Promotional single by Soulja Boy

from the album souljaboytellem.com
- Released: 2007
- Recorded: 2007
- Genre: Pop rap; dance-pop; snap;
- Length: 3:21
- Label: Stacks on Deck Entertainment; Collipark; HHH; Interscope;
- Songwriter(s): DeAndre Way
- Producer(s): DeAndre Way

Soulja Boy singles chronology
| "Yahhh!" (2008) | "Let Me Get 'em" (2007) | "Swing (remix)" (2008) |

= Let Me Get Em =

"Let Me Get 'em" is a promo single from rap artist Soulja Boy's first studio album souljaboytellem.com. The song peaked number 15 on the Bubbling Under R&B/Hip-Hop Singles.

==Music video==
The music video premiered on BET in February, 2008. The music video is in black and white showing friends of Soulja Boy doing the "Pool Palace", and girls dancing.
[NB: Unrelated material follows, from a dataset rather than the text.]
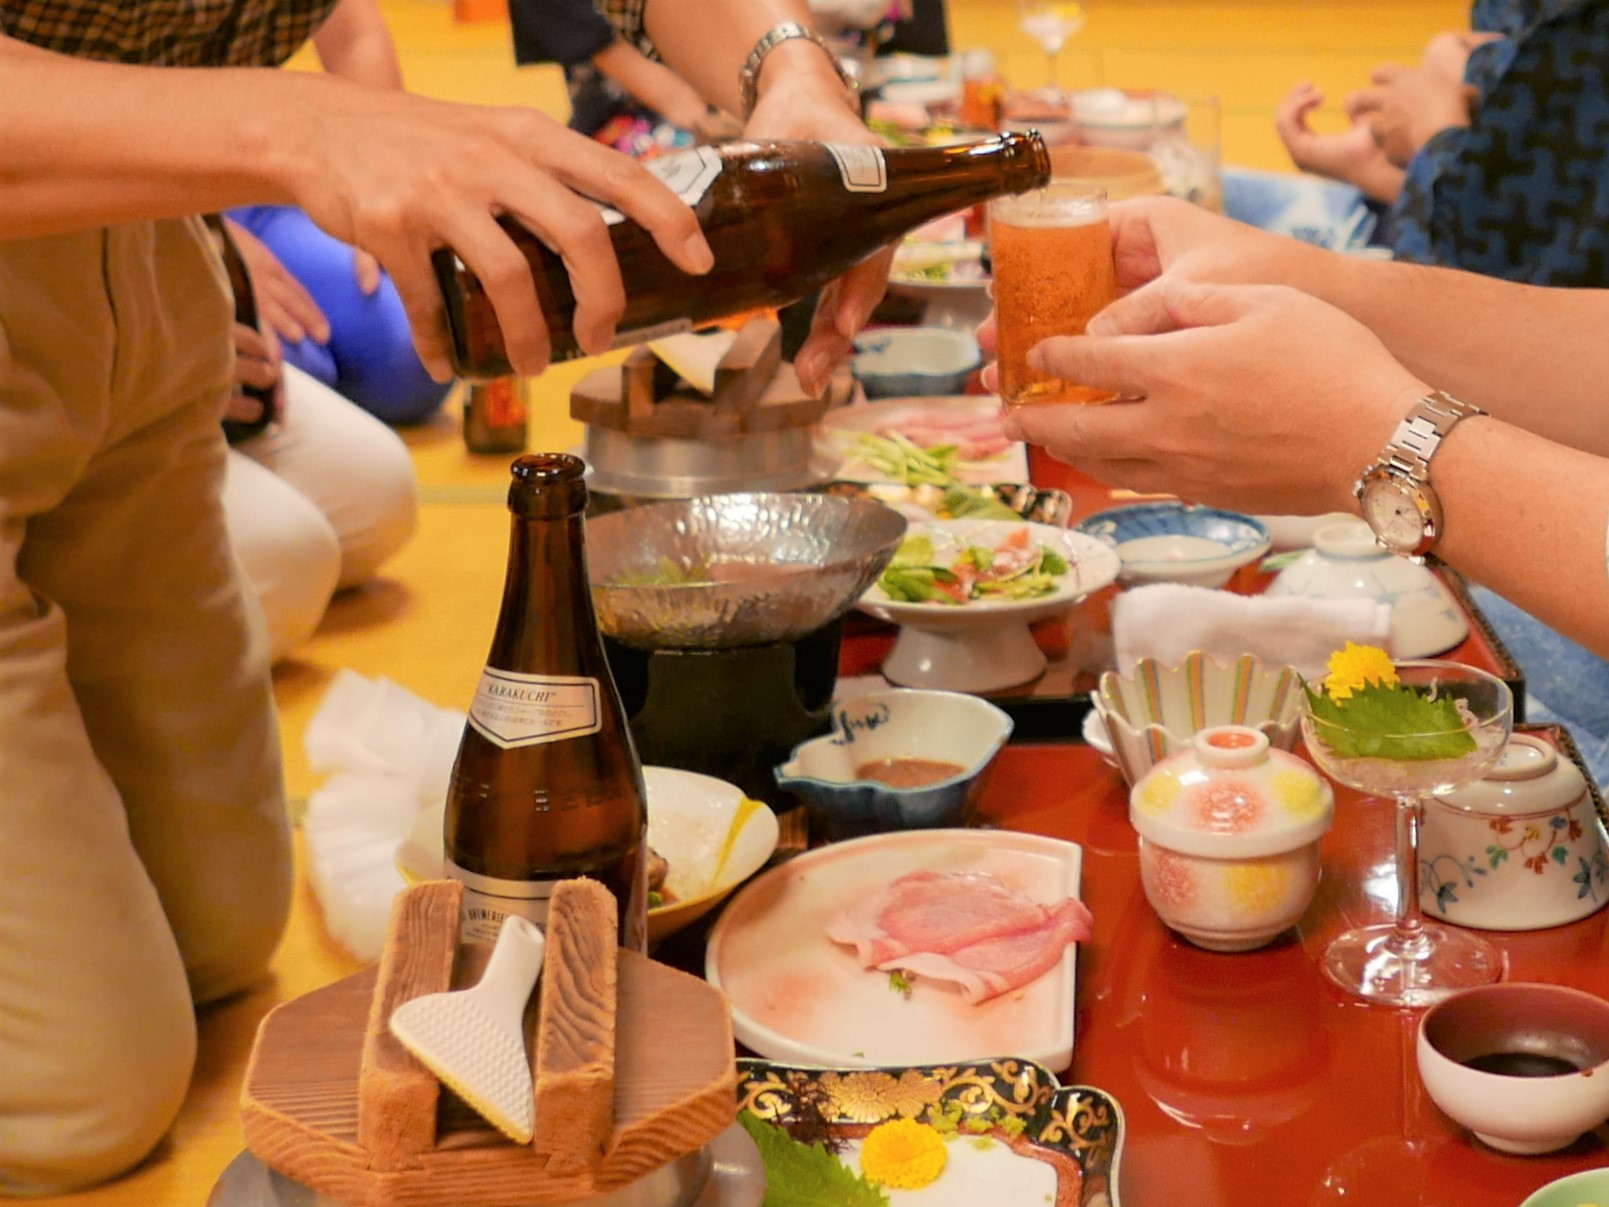 テーブルにたくさんの料理やビールなどが並んでいる忘年会の写真です。手前の席ではビールをお酌する光景も散見されます

At the end of the clip, it shows a sample of Soulja Boy and his friends all by a car singing a track on the album, "Snap and Roll." Cameos are made by S.O.D. Money Gang member Arab, and Collipark artist Hurricane Chris.

==Song information==
The track provides a warning at the beginning of the song, stating that the song is only a dance.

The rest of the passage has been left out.